The approximation residual for SPS is thus

$$\begin{aligned} R_k&\doteq \Vert v^k\Vert ^2 = \sum _{i=1}^n\Vert z^k - x_i^k\Vert ^2 + \big \Vert B(z^k) + \sum _{i=1}^ny_i^k \big \Vert ^2 \end{aligned}$$

(64)

which is an approximation residual for $(y_1^k,\ldots ,y_n^k,z^k)$ in the sense defined above. We may relate $R_k$ to the approximation residual ${\mathcal {G}}_k$ for SPS from Sect. 5.2 as follows:

$$\begin{aligned} R_k&= \sum _{i=1}^n\Vert z^k - x_i^k\Vert ^2 +\left\| B(z^k) +\sum _{i=1}^ny_i^k\right\| ^2\\&= \sum _{i=1}^n\Vert z^k - x_i^k\Vert ^2 +\left\| B(z^k) +\sum _{i=1}^ny_i^k - \sum _{i=1}^{n+1}w_i^k\right\| ^2\\&\le \sum _{i=1}^n\Vert z^k - x_i^k\Vert ^2 + 2\Vert B(z^k) - w_{n+1}^k\Vert ^2 + 2\left\| \sum _{i=1}^n(y_i^k - w_i^k)\right\| ^2\\&\le \sum _{i=1}^n\Vert z^k - x_i^k\Vert ^2 + 2\Vert B(z^k) - w_{n+1}^k\Vert ^2 + 2n\sum _{i=1}^n\left\| y_i^k - w_i^k\right\| ^2\\&\le 2n {\mathcal {G}}_k \end{aligned}$$

where in the second equality we have used the fact that $\sum _{i=1}^{n+1}w_i^k = 0$. Thus, $R_k$ has the same convergence rate as ${\mathcal {G}}_k$ given in Theorem 2.

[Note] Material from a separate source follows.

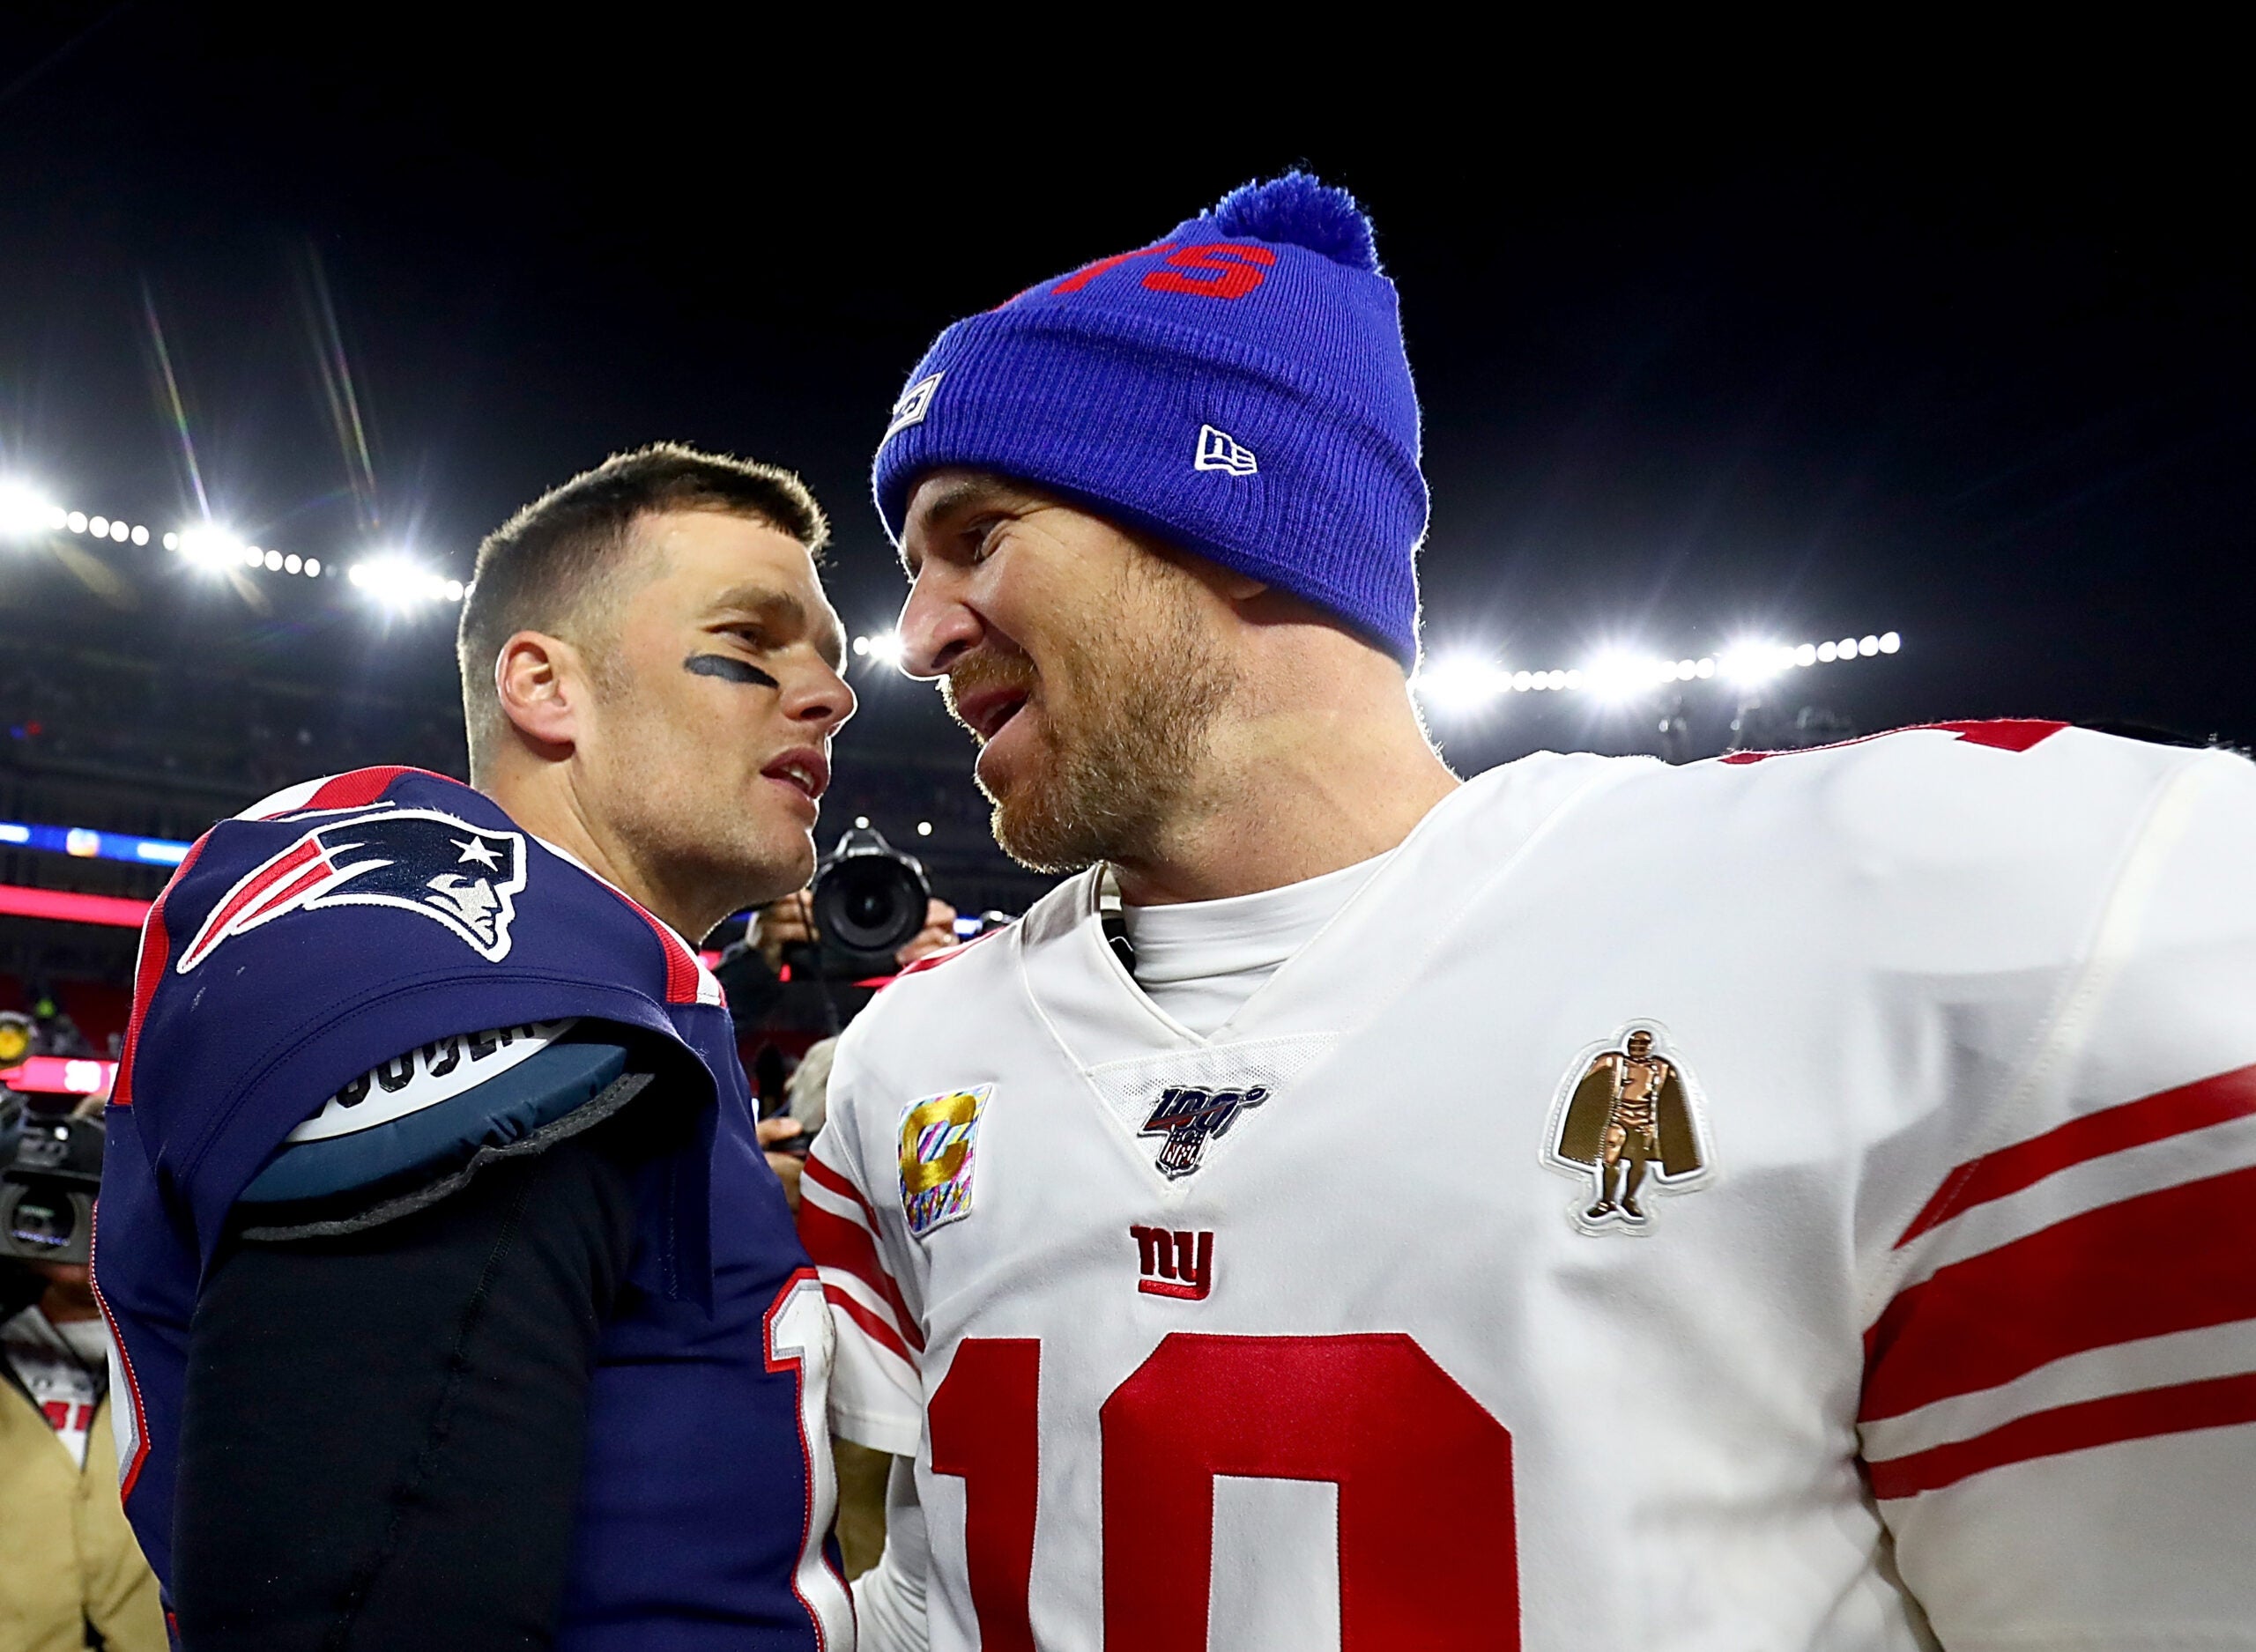 Peyton Manning's favorite Super Bowl memory is watching Eli beat

Note that while the certificate given in (63) focuses on the primal iterate $z^k$, it may be changed to focus on any $x_i^k$ for $i=1,\ldots ,n$, by using

$$\begin{aligned} v^k_i\doteq \left[ \begin{array}{c} x_1^k - x_i^k\\ \vdots \\ x_n^k - x_i^k\\ B(x_i^k) + \sum _{i=1}^ny_i^k \end{array} \right] \in \mathscr {T}(y_1^k,\ldots ,y_n^k,x_i^k). \end{aligned}$$

The approximation residual $\Vert v^k_i\Vert ^2$ may also be shown to have the same rate as ${\mathcal {G}}_k$ by following similar derivations to those above for $R_k$.

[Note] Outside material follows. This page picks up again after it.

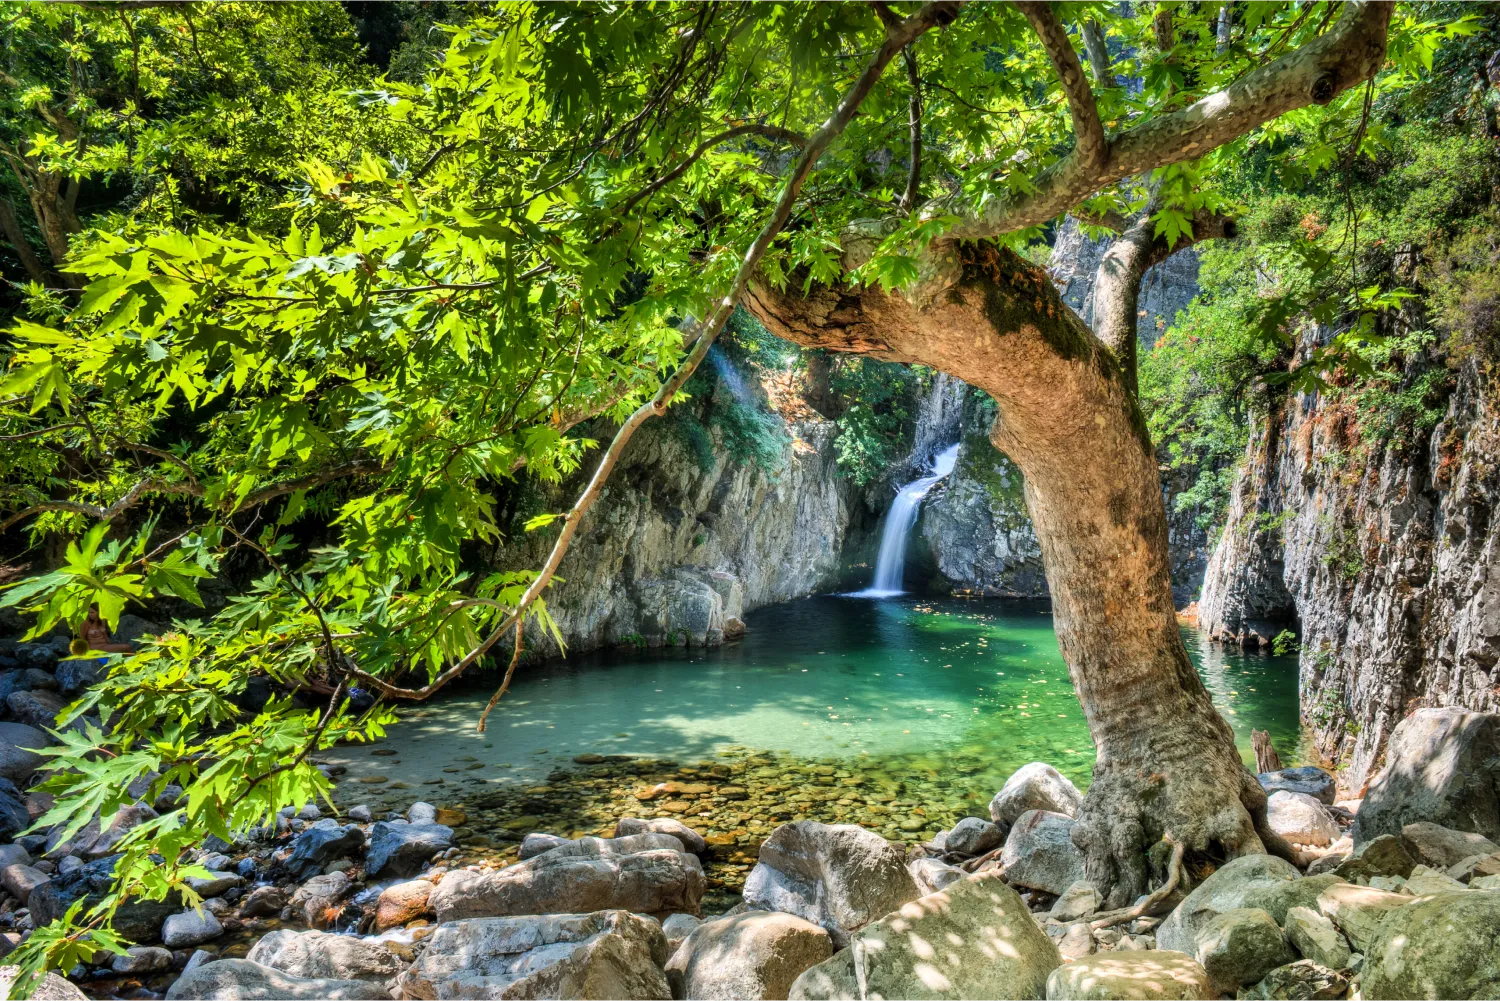 Mikres Vathres Waterfall in Samothraki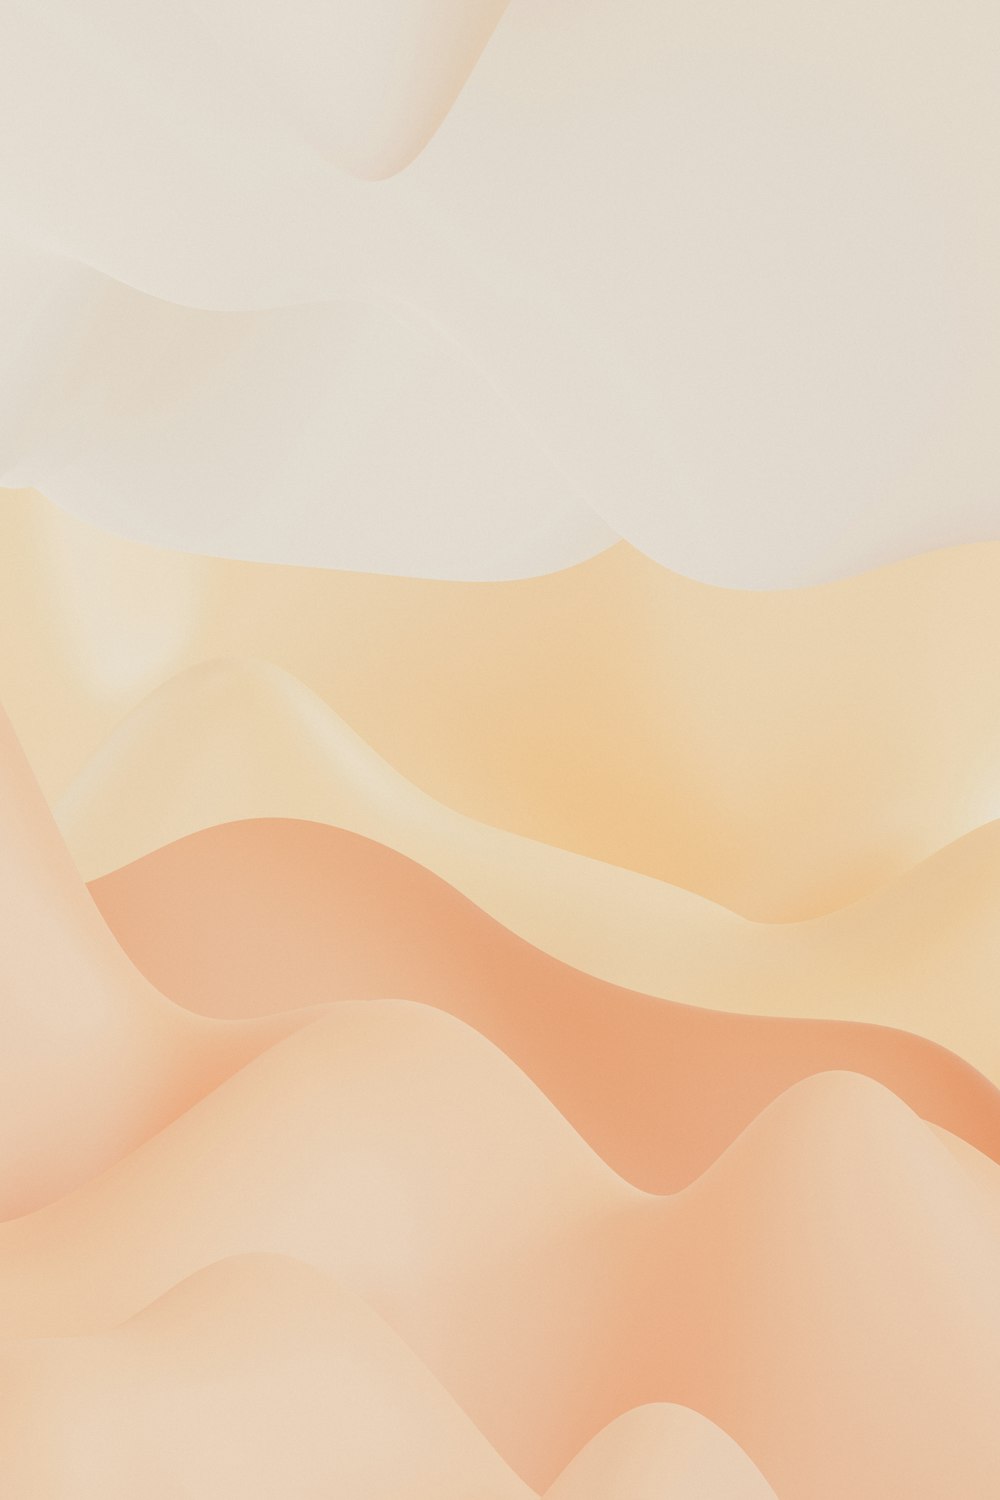 Une scène désertique avec un fond blanc et orange

1.3 Appendix A.3: Tseng’s method

Tseng’s method [58] can be applied to (60), resulting in the following recursion with iterates $q^k,{\bar{q}}^k \in \mathbb {R}^{(n+1)d}$:

$$\begin{aligned} {\bar{q}}^k&= J_{\alpha {\mathscr {A}}}(q^k - \alpha {\mathscr {B}}(q^k)) \end{aligned}$$

(65)

$$\begin{aligned} q^{k+1}&= {\bar{q}}^k + \alpha \left( {\mathscr {B}}(q^k) - {\mathscr {B}}({\bar{q}}^k)\right) , \end{aligned}$$

(66)

where ${\mathscr {A}}$ and ${\mathscr {B}}$ are defined in (61) and (62). The resolvent of ${\mathscr {A}}$ may be readily computed from the resolvents of the $A_i$ using Moreau’s identity [5, Prop. 23.20].

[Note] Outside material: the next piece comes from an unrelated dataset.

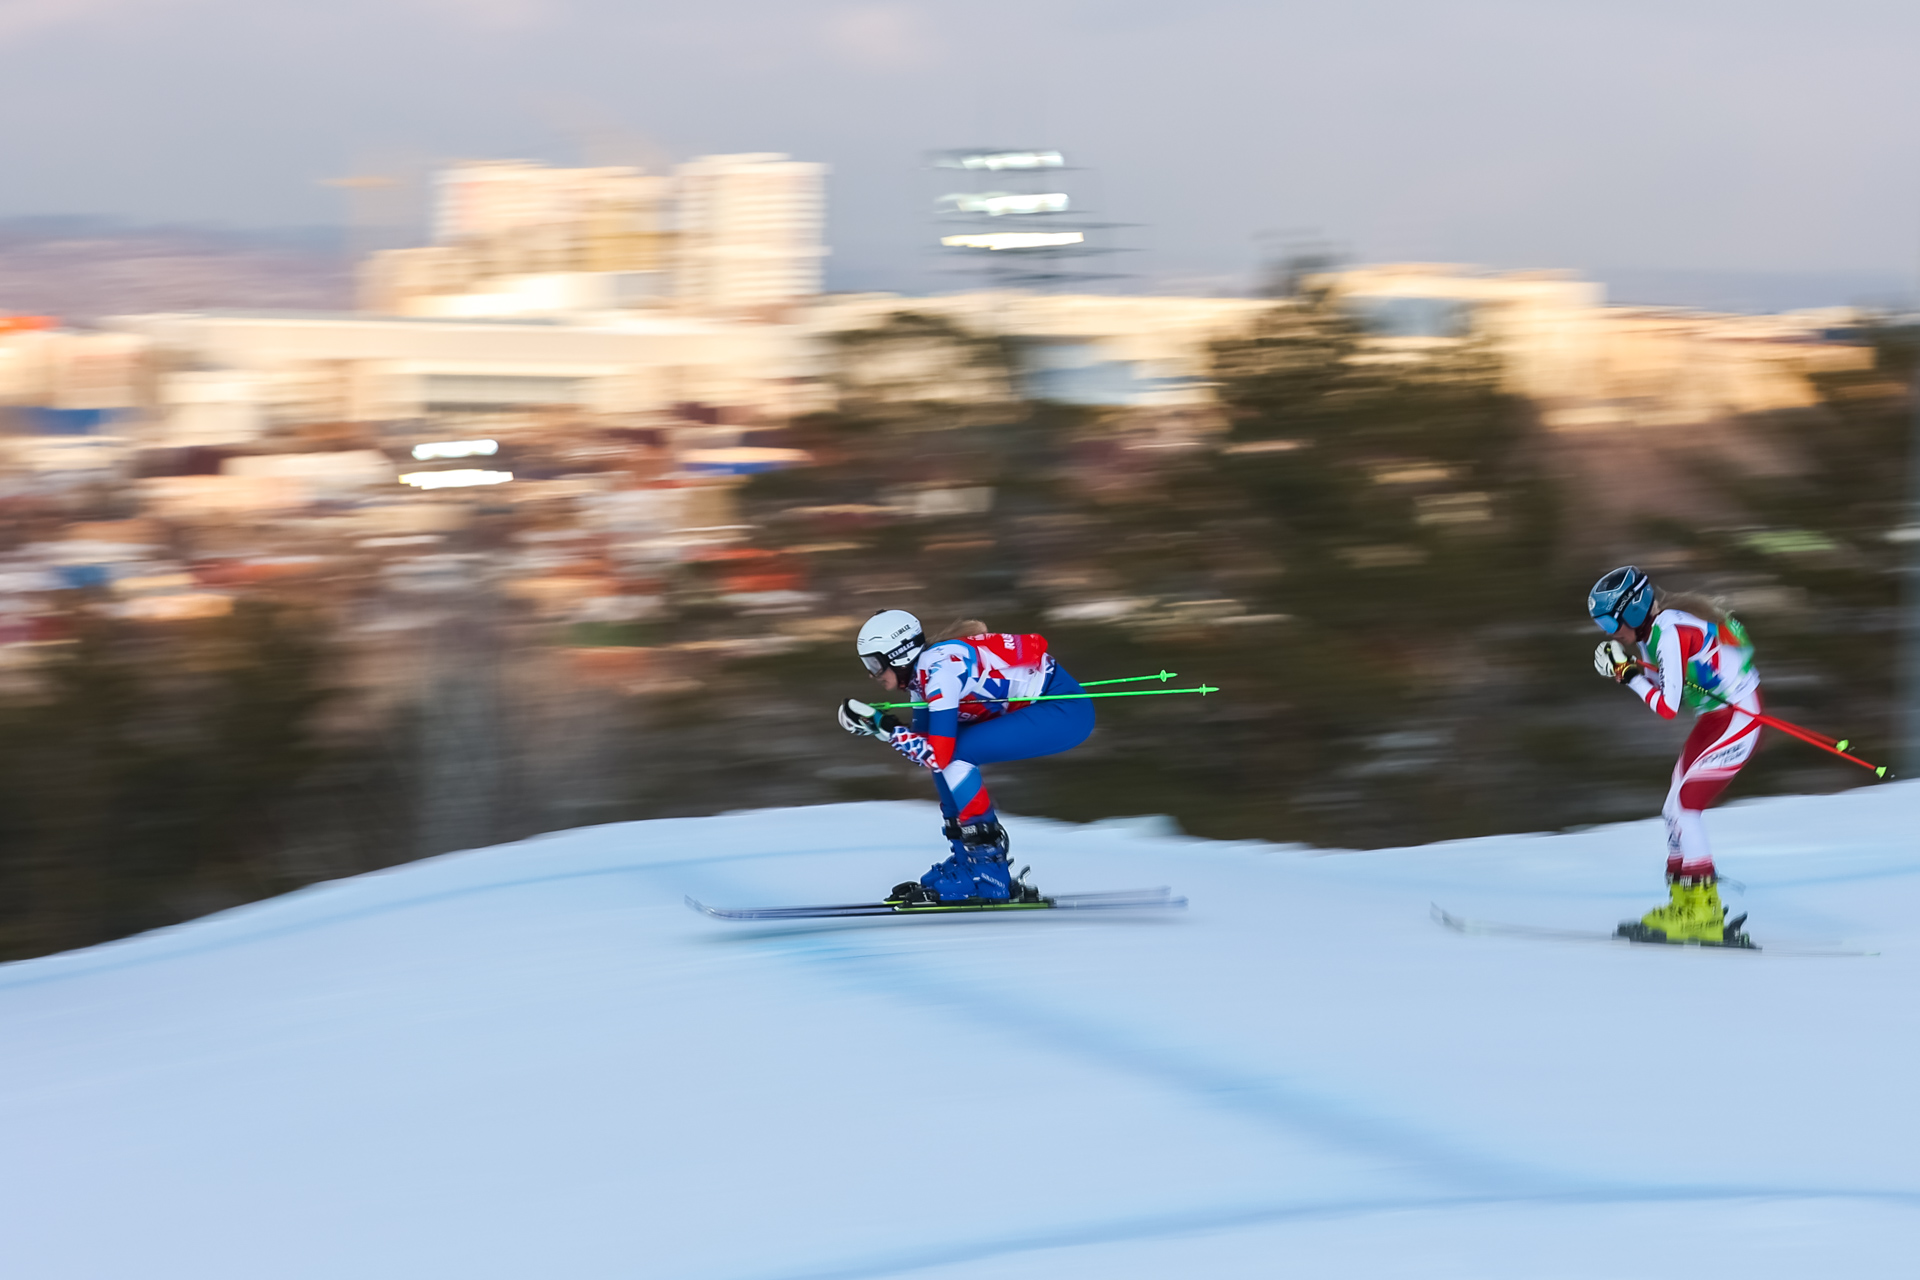 Спортсмены соревновались в скорости на снежных склонах

Analogous to SPS, Tseng’s method has an approximation residual, which in this case is an element of $\mathscr {T}({\bar{q}}^k)$. In particular, using the general properties of resolvent operators as applied to $J_{\alpha {\mathscr {A}}}$, we have

$$\begin{aligned} \frac{1}{\alpha }(q^k - {\bar{q}}^k) - {\mathscr {B}}(q^k) \in {\mathscr {A}}({\bar{q}}^k). \end{aligned}$$

Also, rearranging (66) produces

$$\begin{aligned} \frac{1}{\alpha }({\bar{q}}^k - q^{k+1}) + {\mathscr {B}}(q^k) = {\mathscr {B}}({\bar{q}}^k). \end{aligned}$$

Adding these two relations produces

$$\begin{aligned} \frac{1}{\alpha }(q^k - q^{k+1}) \in {\mathscr {A}}({\bar{q}}^k) + {\mathscr {B}}({\bar{q}}^k) = \mathscr {T}({\bar{q}}^k) \end{aligned}$$

Therefore,

$$\begin{aligned} R^{\text {Tseng}}_k \doteq \frac{1}{\alpha ^2}\Vert q^k - q^{k+1}\Vert ^2 \end{aligned}$$

represents a measure of the approximation error for Tseng’s method equivalent to $R_k$ defined in (64) for SPS.

1.4 Appendix A.4: FRB

The forward-reflected-backward method (FRB) [44] is another method that may be applied to the splitting $\mathscr {T}= {\mathscr {A}}+ {\mathscr {B}}$ for ${\mathscr {A}}$ and ${\mathscr {B}}$ as defined in (61) and (62). Doing so yields recursion

$$\begin{aligned} q^{k+1} = J_{\alpha {\mathscr {A}}} \!\Big (q^k - \alpha \big (2{\mathscr {B}}(q^k) - {\mathscr {B}}(q^{k-1})\big ) \Big ). \end{aligned}$$

Following similar arguments to those for Tseng’s method, it can be shown that

$$\begin{aligned} v_{\text {FRB}}^k \doteq \frac{1}{\alpha } \left( q^{k-1} -q^k \right) + {\mathscr {B}}(q^k) + {\mathscr {B}}(q^{k-2}) - 2{\mathscr {B}}(q^{k-1}) \in \mathscr {T}(q^k). \end{aligned}$$

Thus, FRB admits the following approximation residual equivalent to $R_k$ for SPS:

$$\begin{aligned} R^{\text {FRB}}_k\doteq \Vert v_{\text {FRB}}^k\Vert ^2. \end{aligned}$$

Finally, we remark that the stepsizes used in both the Tseng and FRB methods can be chosen via a linesearch procedure that we do not detail here.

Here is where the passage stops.